# closure

• Apr 26th 2009, 06:05 PM
xalk
closure
prove:

$\displaystyle \overline\emptyset = \emptyset$

$\displaystyle \overline X = X$
• Apr 26th 2009, 10:49 PM
Gamma
both sets are both open (definition of topology). In particular, they are complements of one another, thus the complement of each is open and hence each one is also closed. The closure of a closed set is itself.
• Apr 27th 2009, 12:49 AM
xalk
THANK you,but i meant to prove the two relations by using the definition of a point of adherence and not the theorem:

A is closed iff $\displaystyle \overline A = A$
• Apr 27th 2009, 01:03 PM
Gamma
So you mean like $\displaystyle \overline A = A \cup A'$?

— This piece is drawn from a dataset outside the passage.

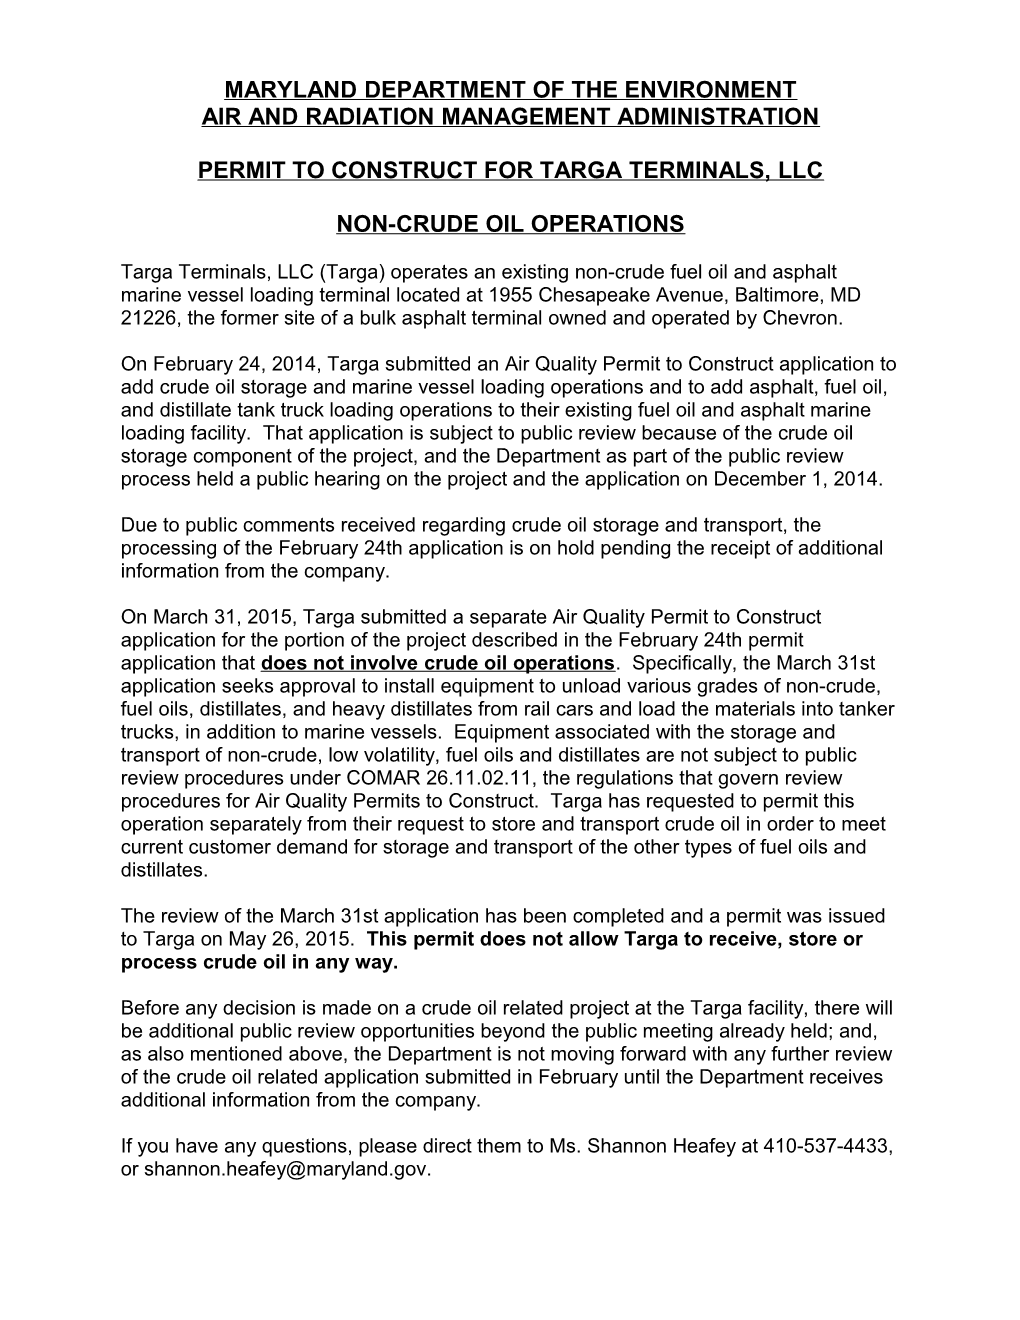 Targa Terminals, LLC Steps of Permit Issuance

1) Suppose $\displaystyle x\in X$ were a "point of adherence" as you guys call them apparently. Then for any open U containing x, you need $\displaystyle U \cap \emptyset \not = \emptyset$ but this is clearly not possible. So the set of all points of adherence of $\displaystyle \emptyset$ is $\displaystyle \emptyset$.

2) Similarly suppose $\displaystyle x\in X$ were a "point of adherence." Then for any open U containing x, $\displaystyle U \cap X = U \supset \{x\} \not = \emptyset$. So every point in X is a point of adherence, so yeah, you are done.